On February 2, 2005, about 1530 Pacific standard time, a Cessna 172S, N521JD, veered off the runway and nosed over during landing rollout at Harris Ranch Airport, Coalinga, California. Kern Charter Service, Inc., was operating the airplane under the provisions of 14 CFR Part 91. The private pilot and one passenger were not injured; the airplane sustained substantial damage. The personal cross-country flight departed Bakersfield Municipal Airport, Bakersfield, California, about 1435. Visual meteorological conditions prevailed, and a flight plan had not been filed.

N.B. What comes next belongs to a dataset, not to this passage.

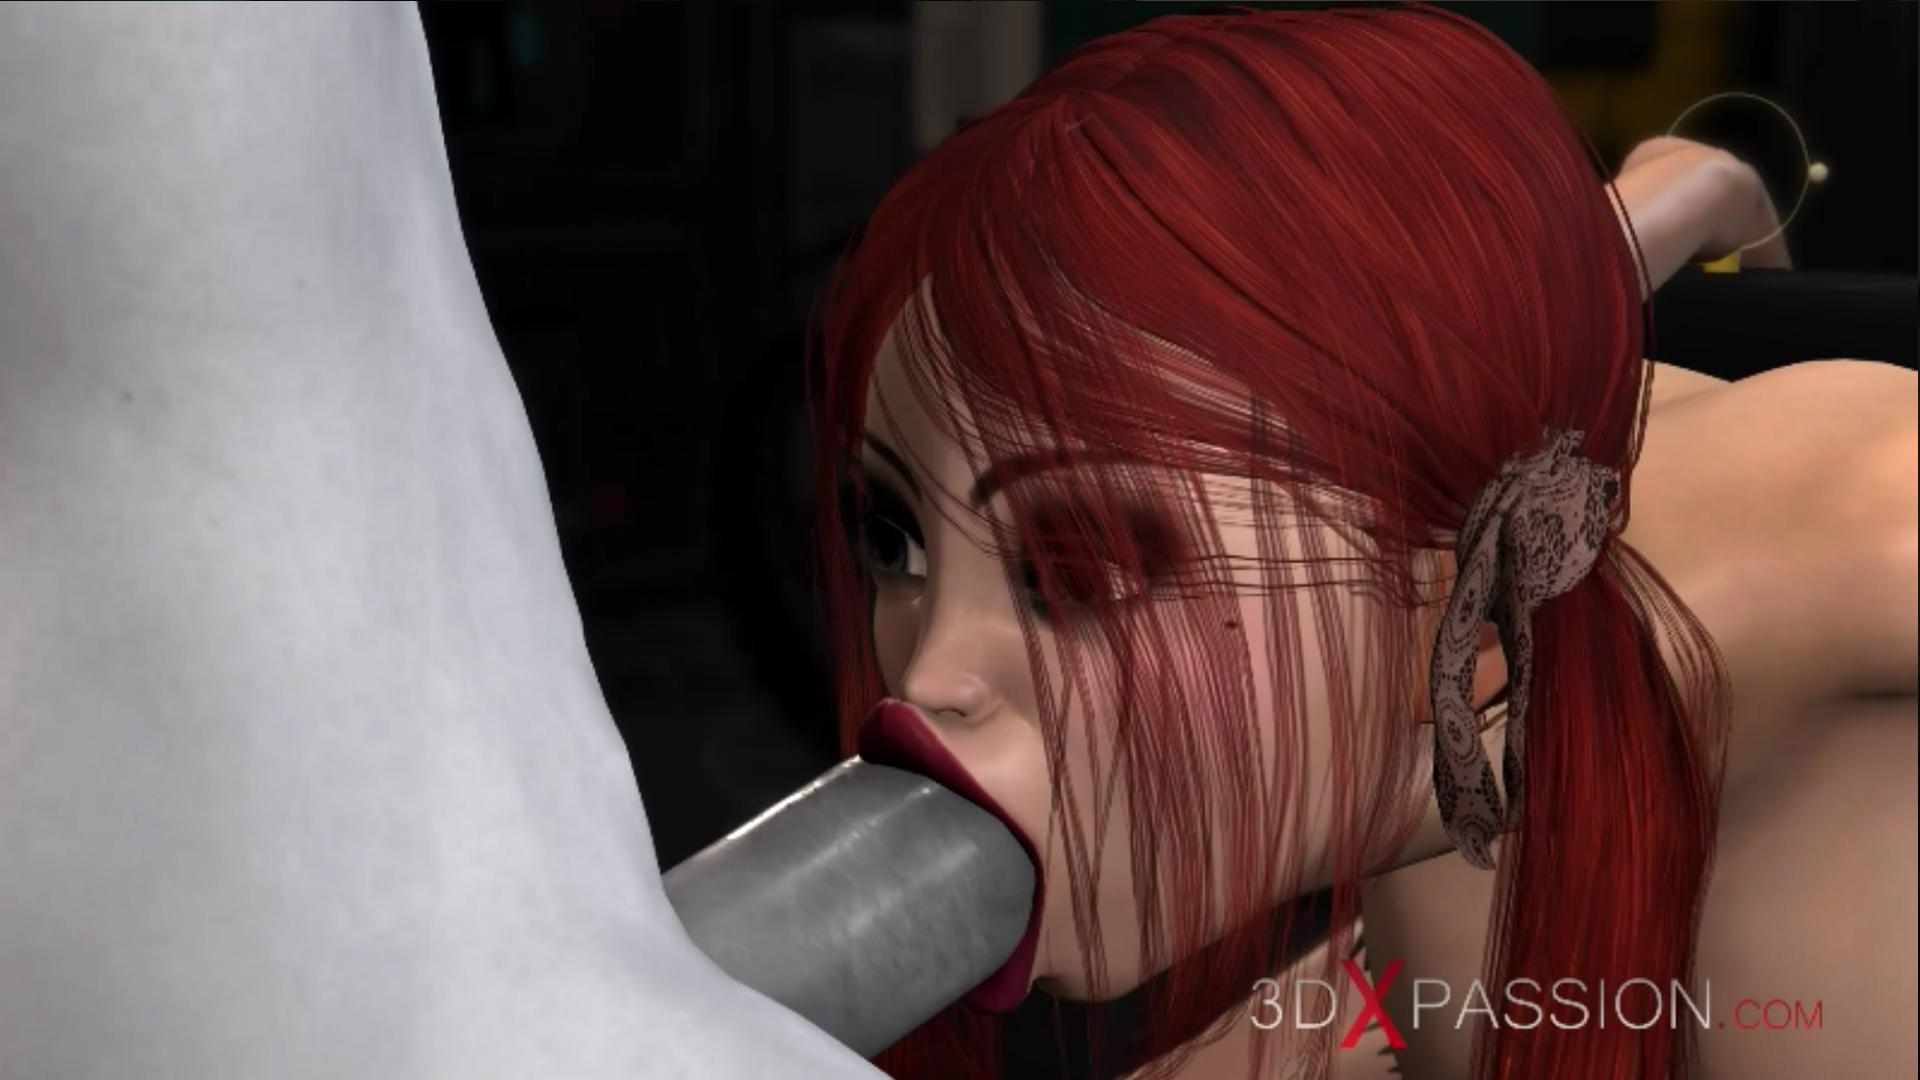 Sexy schoolgirl slave extreme deepthroat sci-fi dickgirl lab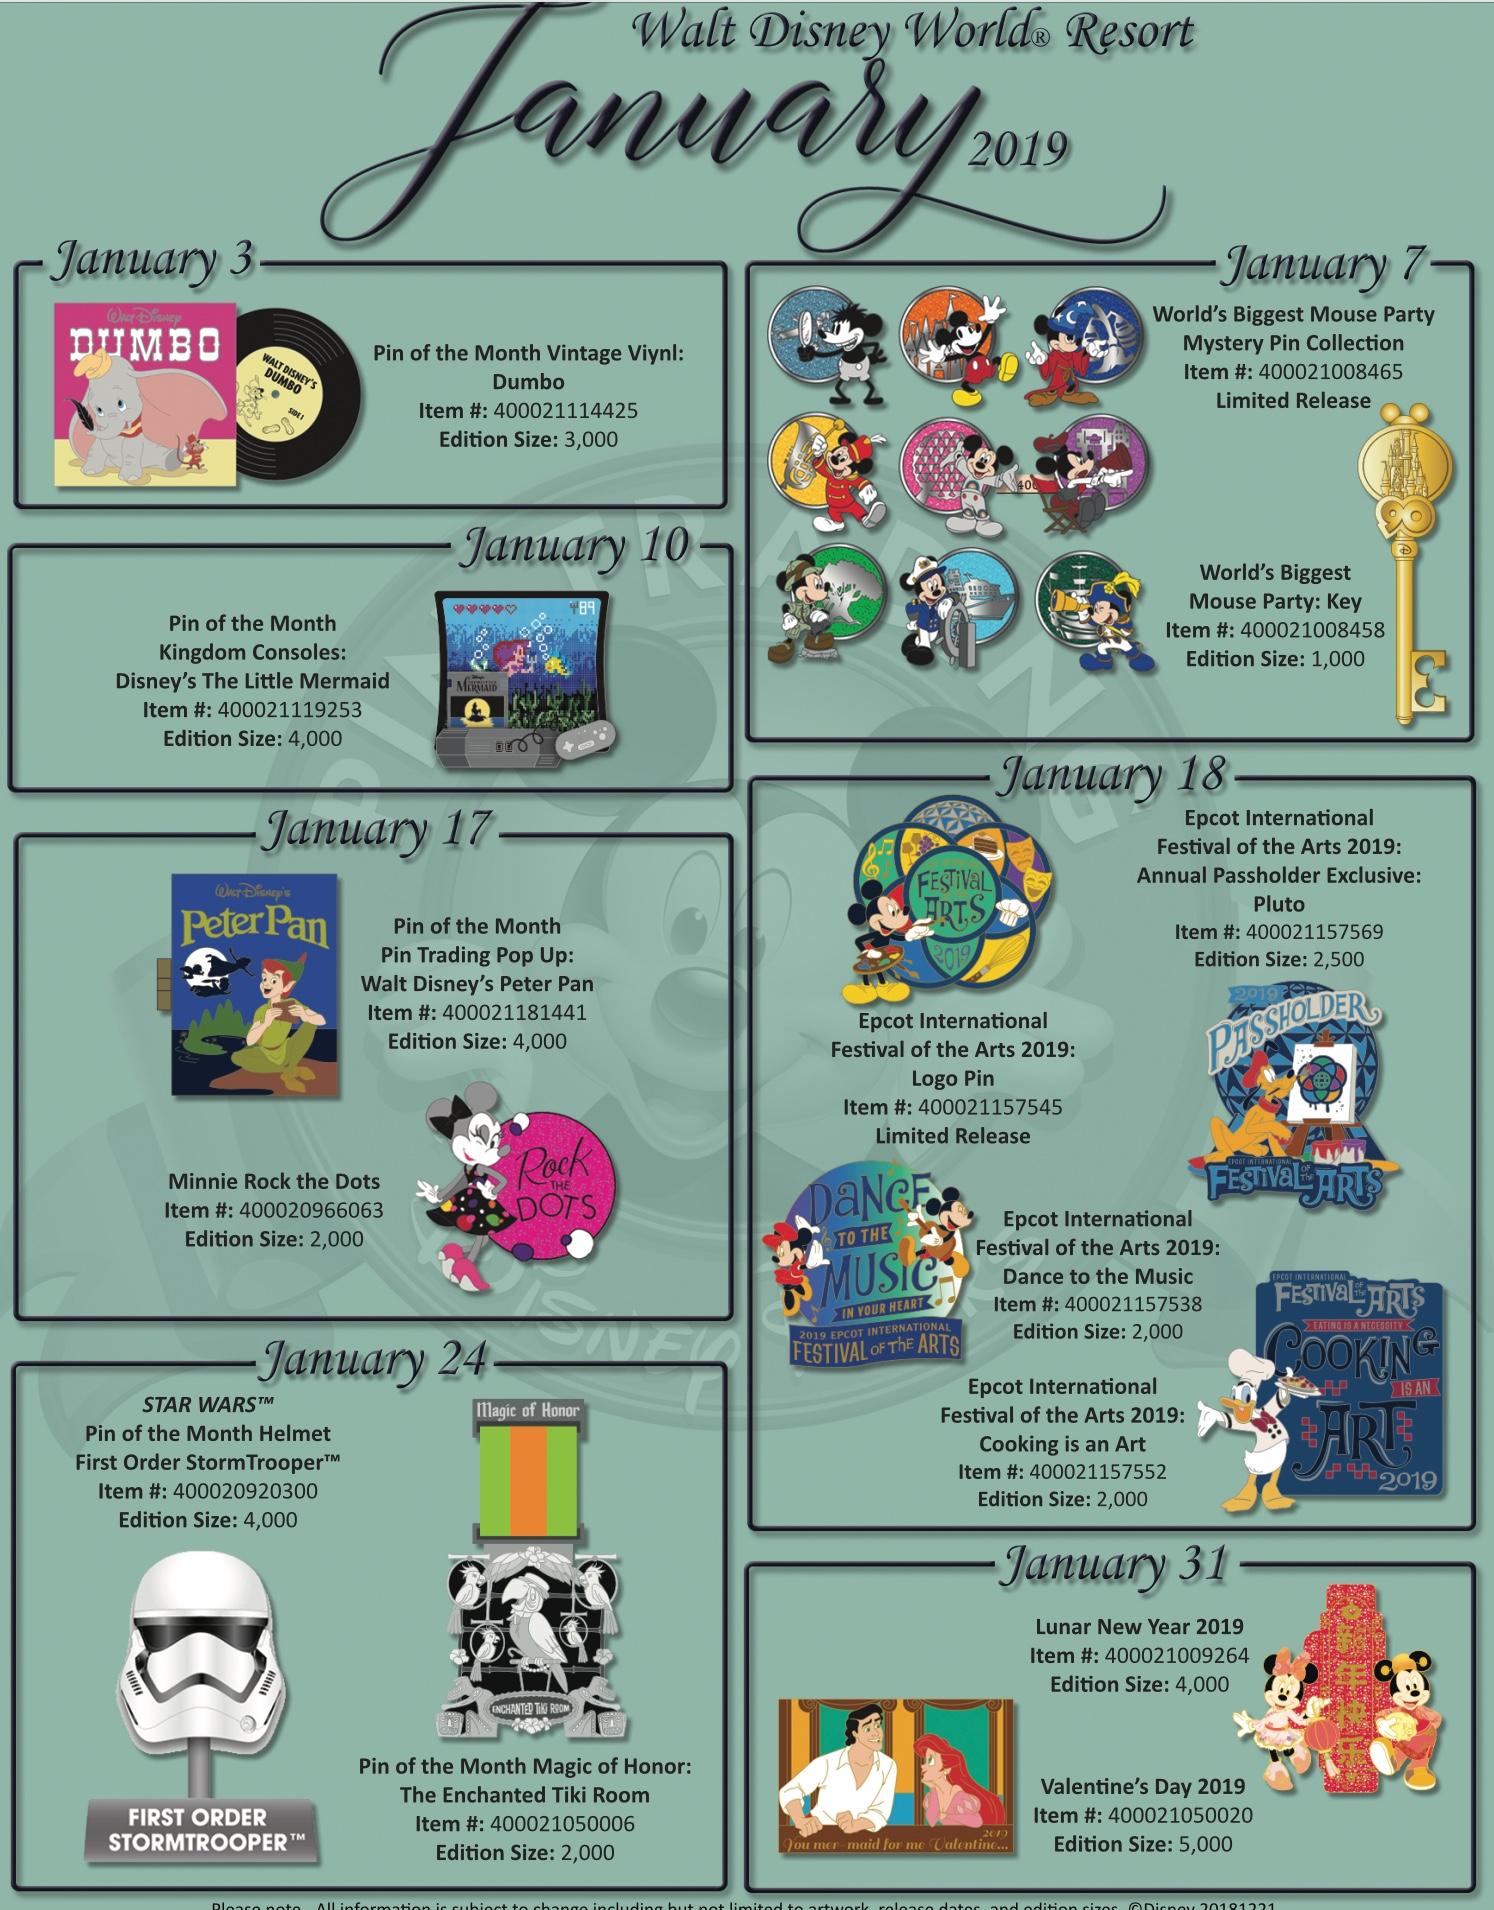 Walt Disney World January Pins Announced Diskingdom Com Disney Marvel Star Wars

In telephone interview with a National Transportation Safety Board investigator, the pilot reported that he performed a normal landing on runway 32 at Coalinga. The airplane touched down past the runway designation markings, and at the airplane's normal touchdown speed, about 50 knots. During touchdown, the airplane bounced once, and the pilot attempted to correct and transition the airplane to the landing rollout. Established in the landing rollout phase, the pilot determined that insufficient runway remained to stop the airplane. He elected not to perform an aborted landing due to the short runway. The airplane overran the end of the runway and the nose landing gear impacted soft dirt. The airplane nosed over and came to rest inverted.

The pilot reported no mechanical malfunctions or failures with the airplane.

The Airport/Facility Directory Southwest U.S., indicated that runway 32 was 2,820 feet long, 30 feet wide.

Advisory Circular 61-21A, Flight Training Handbook, under Bouncing During Touchdown, states in part: 1. When the airplane contacts the ground with a sharp impact as the result of an improper attitude or an excessive sink rate, it tends to bounce back into the air; 2. The severity of the bounce depends on the airspeed at the moment of contact and the degree to which the angle of attack or pitch attitude was increased; 3. When a bounce is severe, the safest procedure is to execute a go-around immediately. No attempt to salvage the landing should be made; and 4. The go-around procedure should be continued even though the airplane may descend and another bounce may be encountered.